There are many ways to parse a webpage, here I introduce is beautifullsoup, because this is a three-way library, before using or install first: Pip install BS4
form BS4 Imort beautifullsoupsoup " Html.parser ")
Third, the case analysis
The best way to understand the principle of reptiles is to analyze a number of instances, reptiles, original aim. Talk less about the dry goods.

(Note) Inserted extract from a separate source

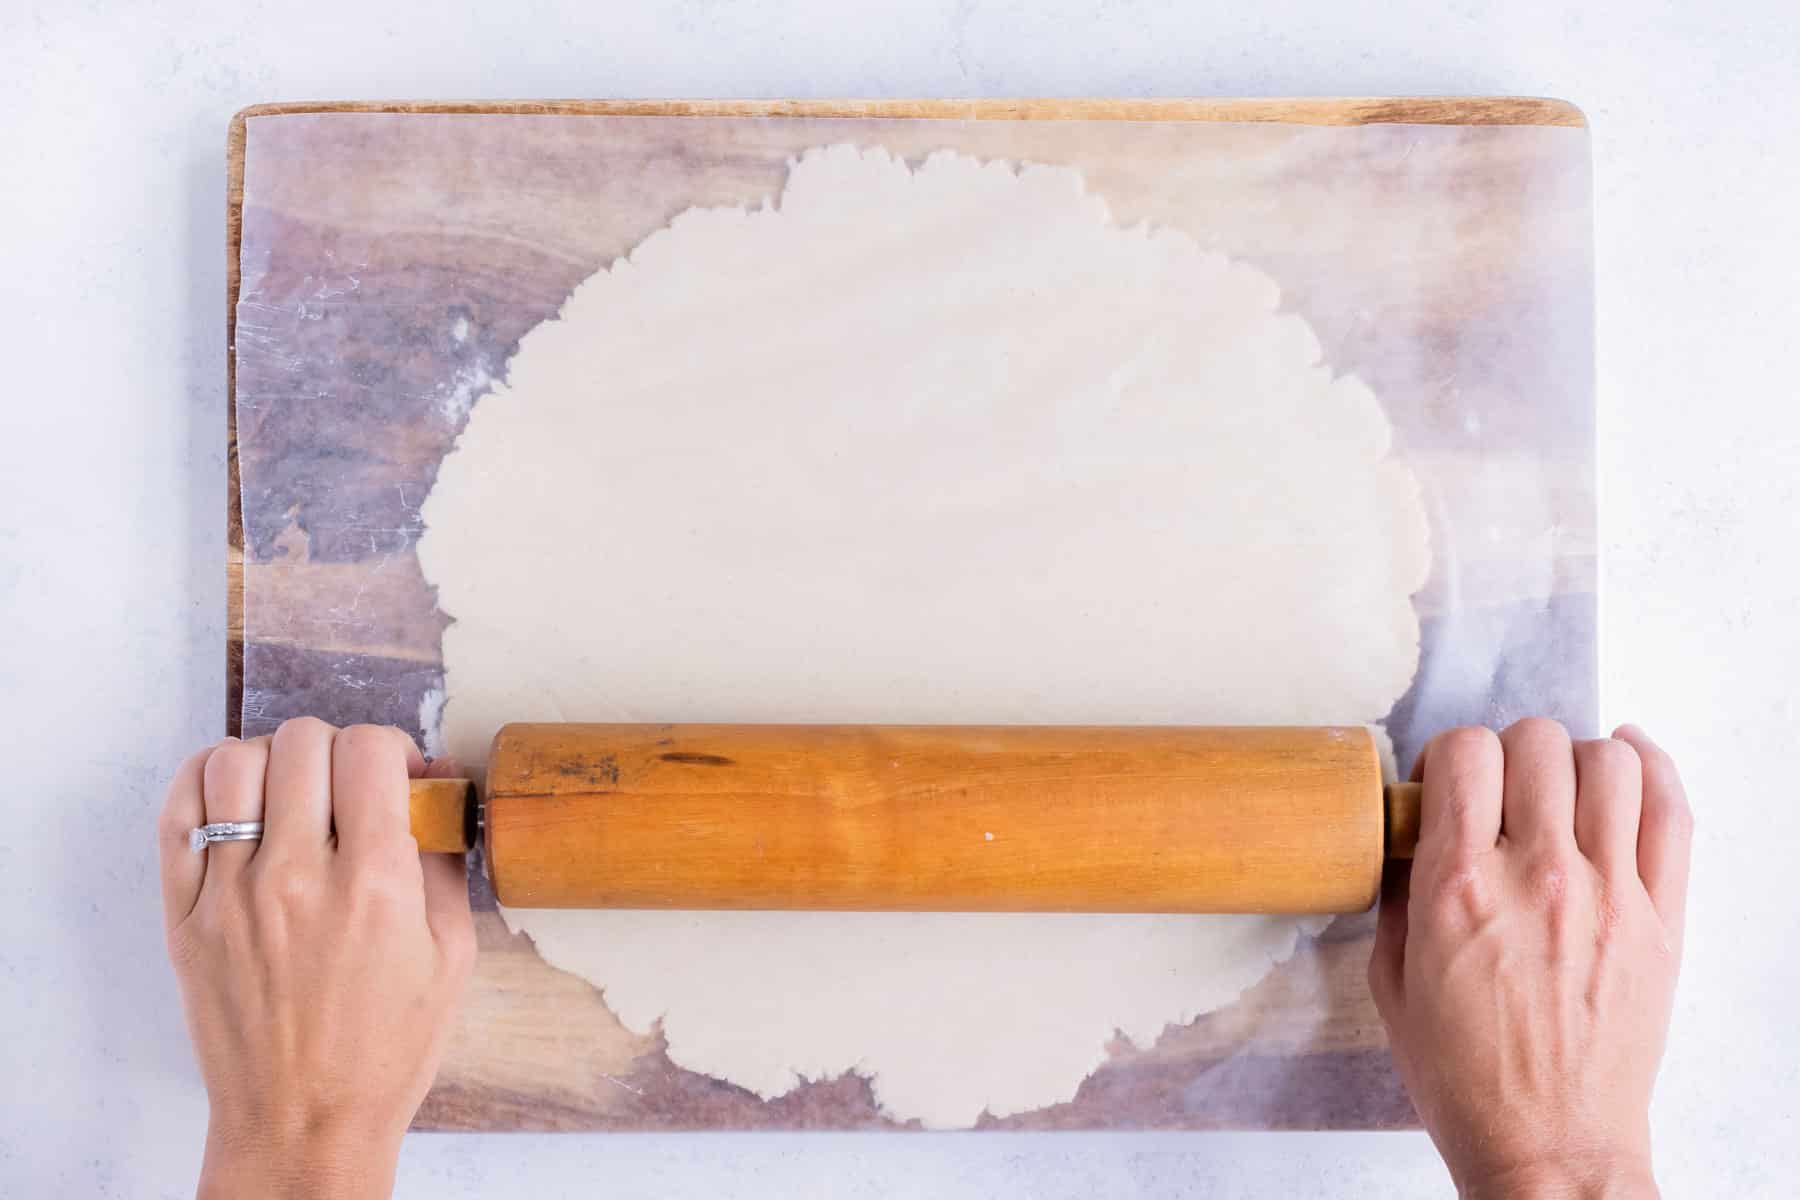 Wax Paper vs. Parchment Paper: What's the Difference?

=================================== I'm a split line ===================================================
Requirements: Crawl Top N Apps for Xiaomi store
Open Xiaomi App Store bar page via browser, F12 review element
#Coding=utf-8ImportRequests
Import re fromBs4ImportBeautifullsoupdefParser_apks (Self, count=0):" "Xiaomi Application Market" "_root_url="http://app.mi.com"#应用市场主页网址Res_parser={} page_num=1 #设置爬取的页面, crawl from the first page, crawl through the second page of the first page, and so on whileCount:
#获取排行榜页面的网页内容 Wbdata= Requests.get ("http://app.mi.com/topList?page="+str (page_num)). TextPrint("Start Crawl"+str (Page_num) +"page")
#解析页面内容获取 app Download interface connection soup=beautifulsoup (Wbdata,"Html.parser") Links=soup.body.contents[3].find_all ("a", Href=re.compile ("/details?"), Class_ ="", alt="") #BeautifullSoup的具体用法请百度一下吧 ... forLinkinchLinks:detail_link=urllib.parse.urljoin (_root_url, str (link["href"])) Package_name=detail_link.split ("=") [1]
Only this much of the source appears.